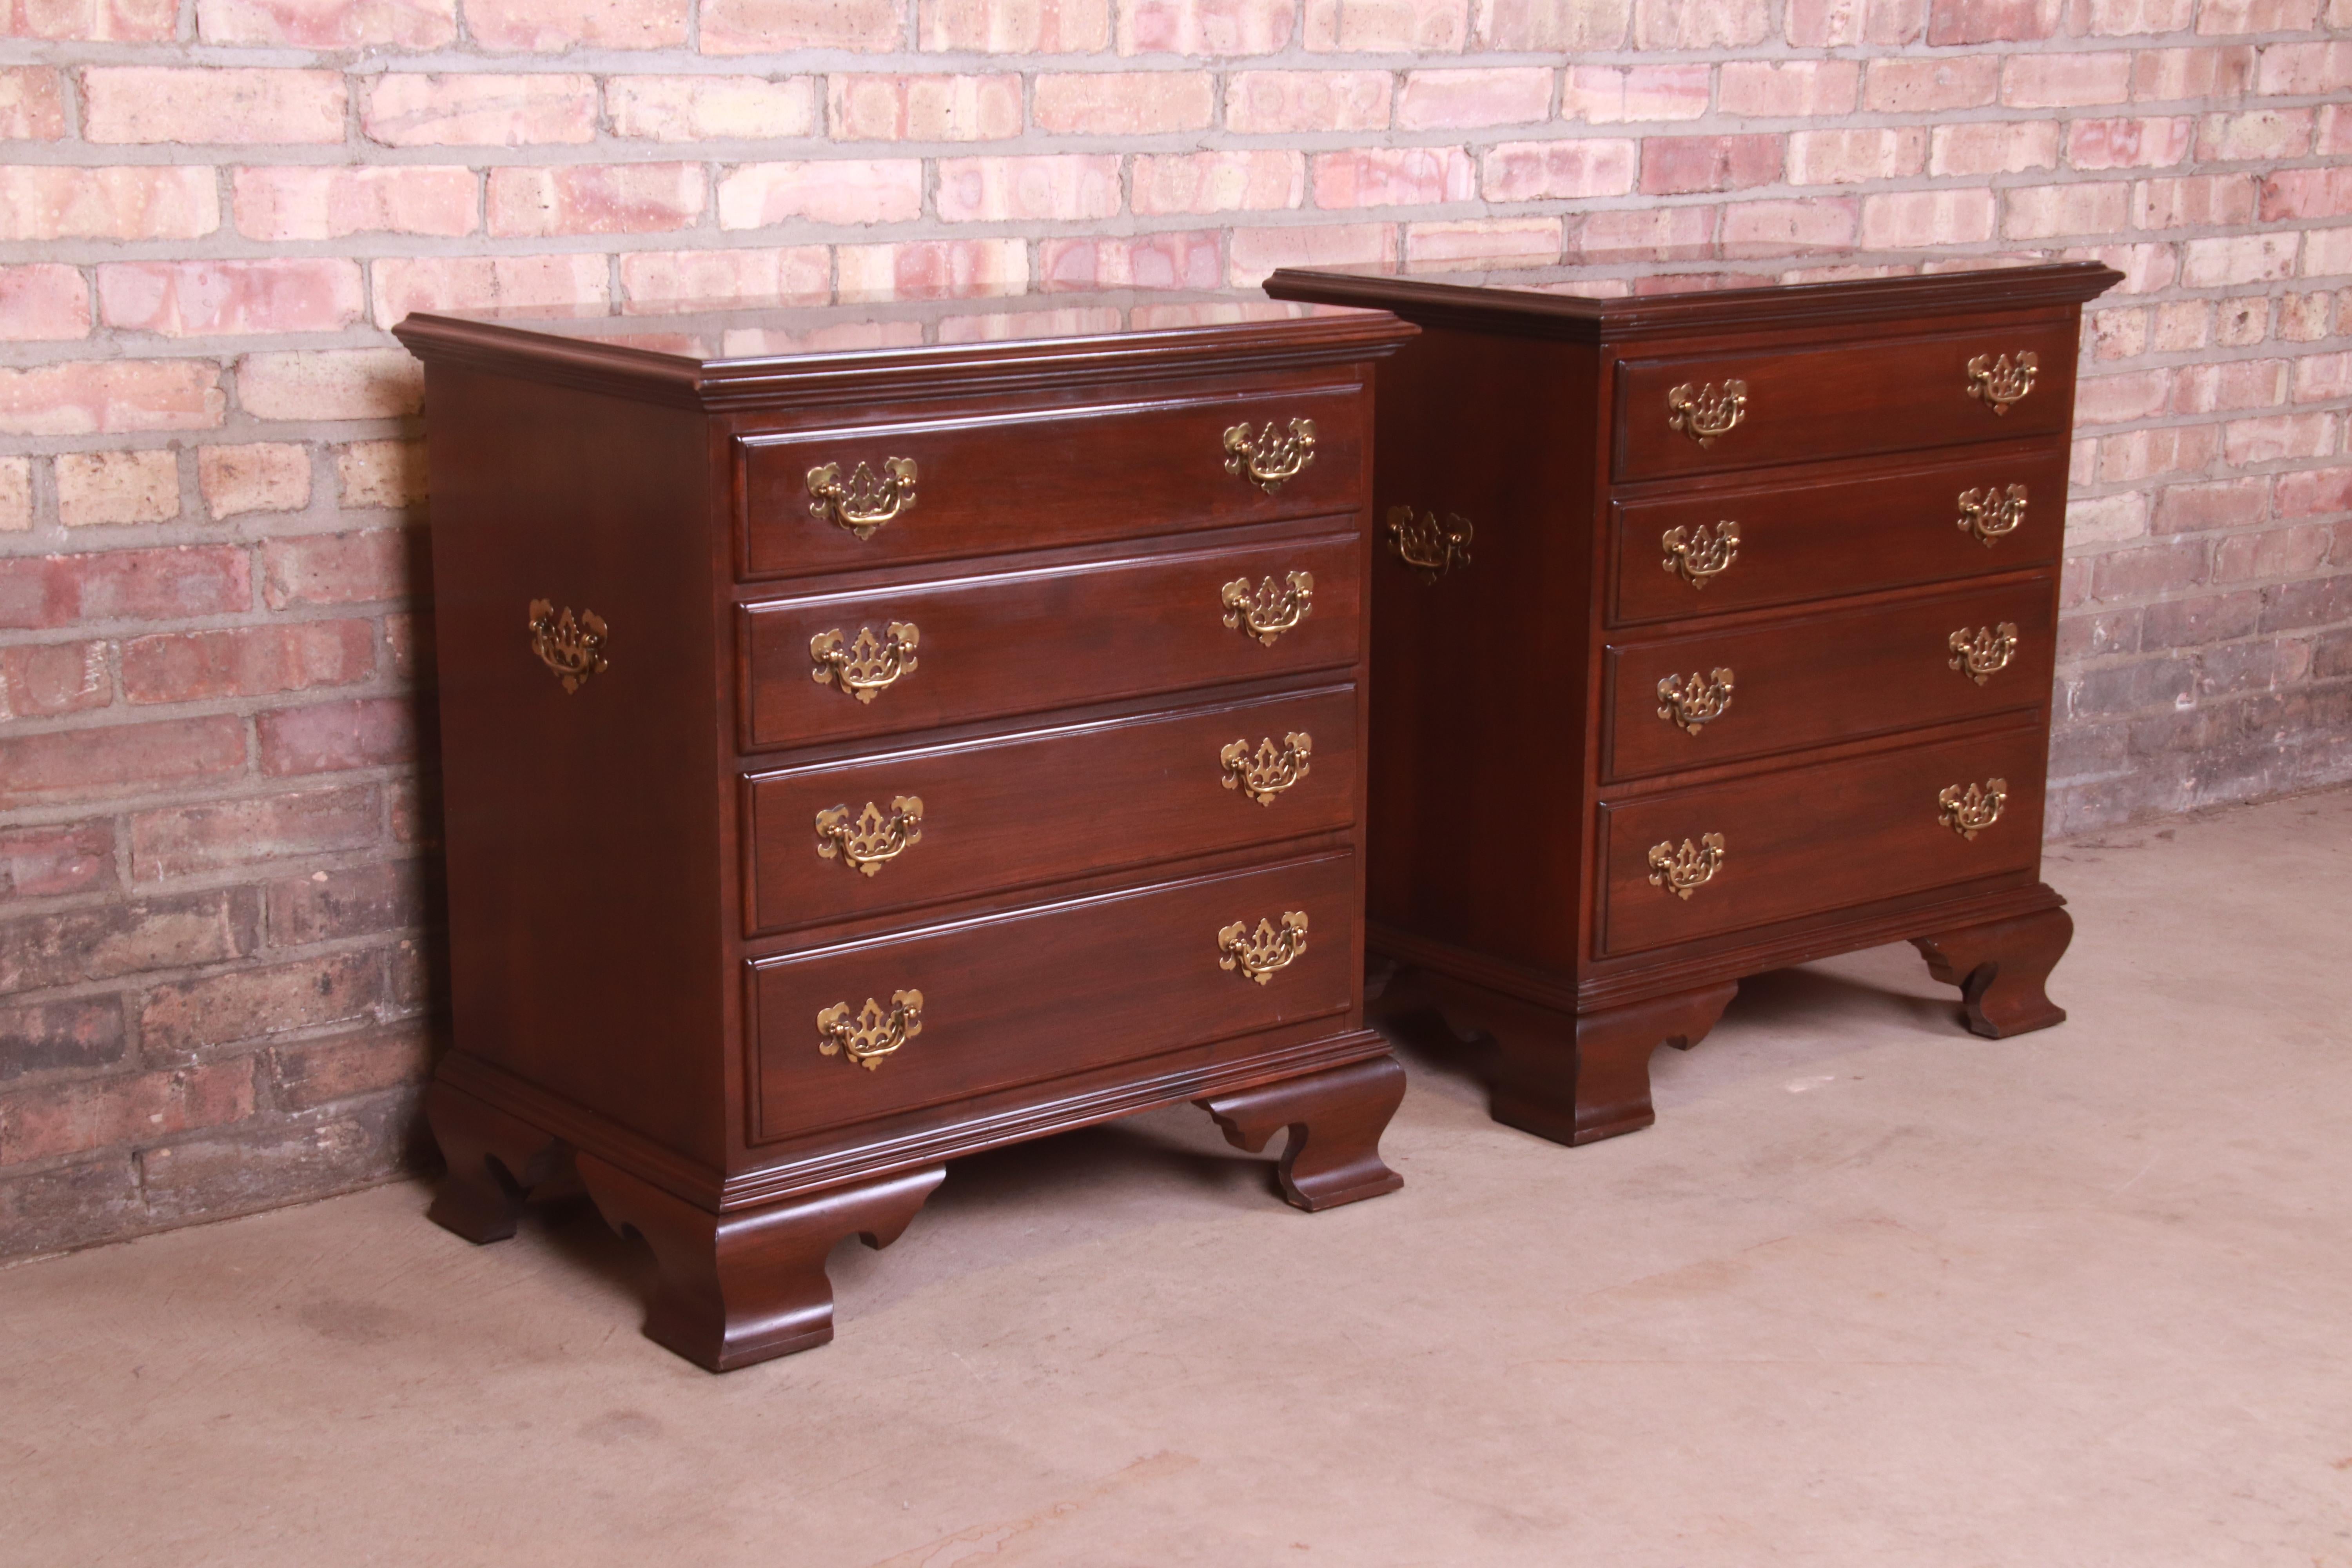 Ethan Allen Georgian Mahogany Four-Drawer Bedside Chests, Pair 2
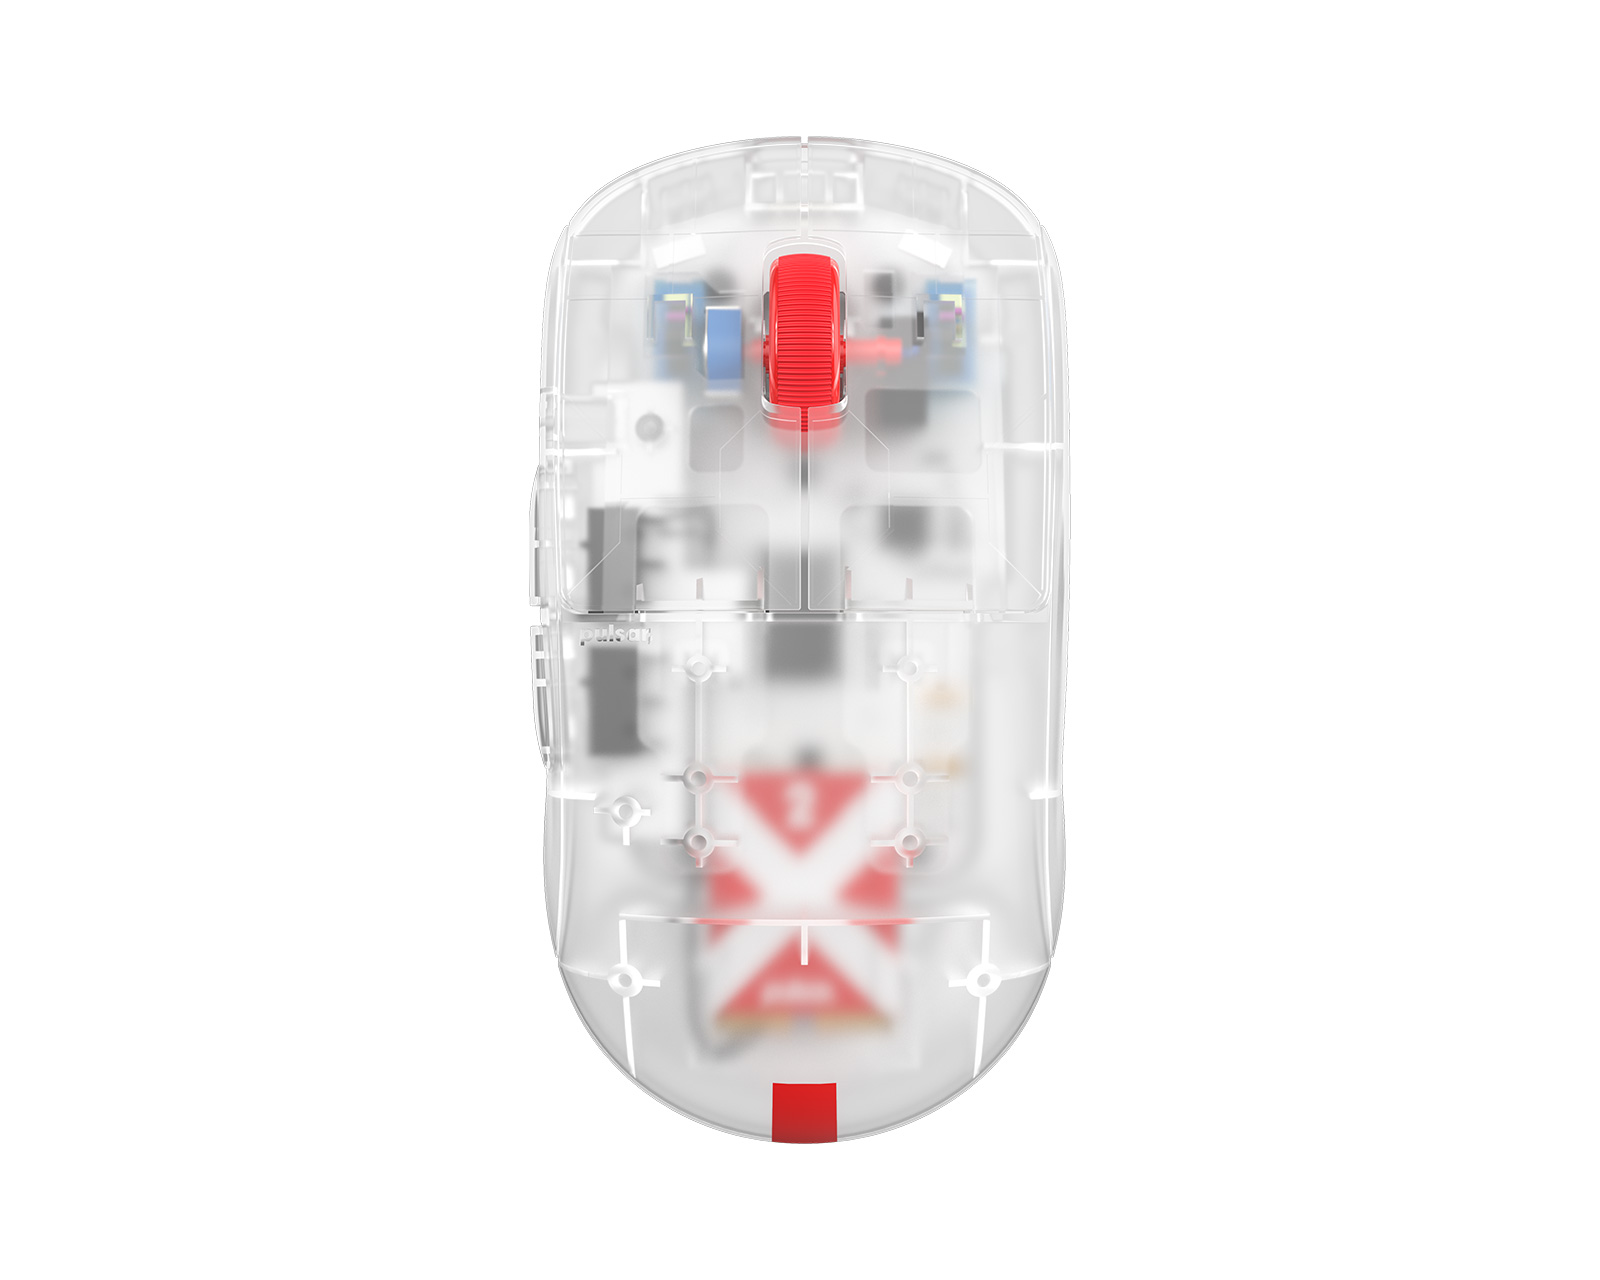 Pulsar X2 Wireless Gaming Mouse - Super Clear
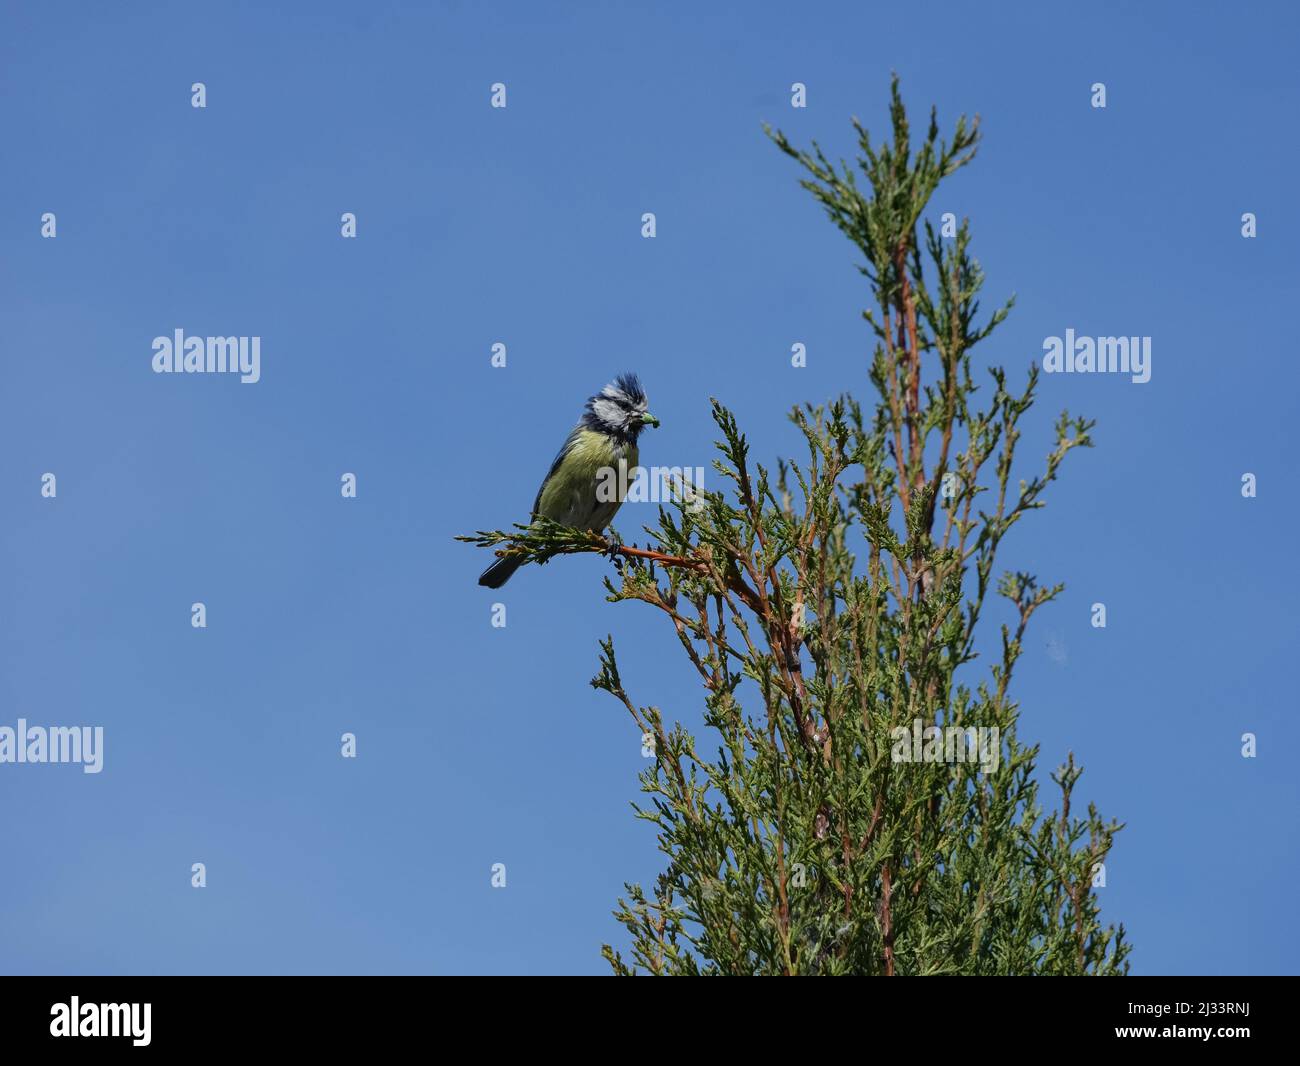 Great Tit sitting on a tree branch Stock Photo

==============================

WHAT THE TASK REQUIRES:
Return exactly the lines from the line with "Pulsar X2 Wireless" through the last line of the data above, both included; pictures do not go in the answer.

RESULT BELOW:
 Pulsar X2 Wireless Gaming Mouse - Super Clear
 Great Tit sitting on a tree branch Stock Photo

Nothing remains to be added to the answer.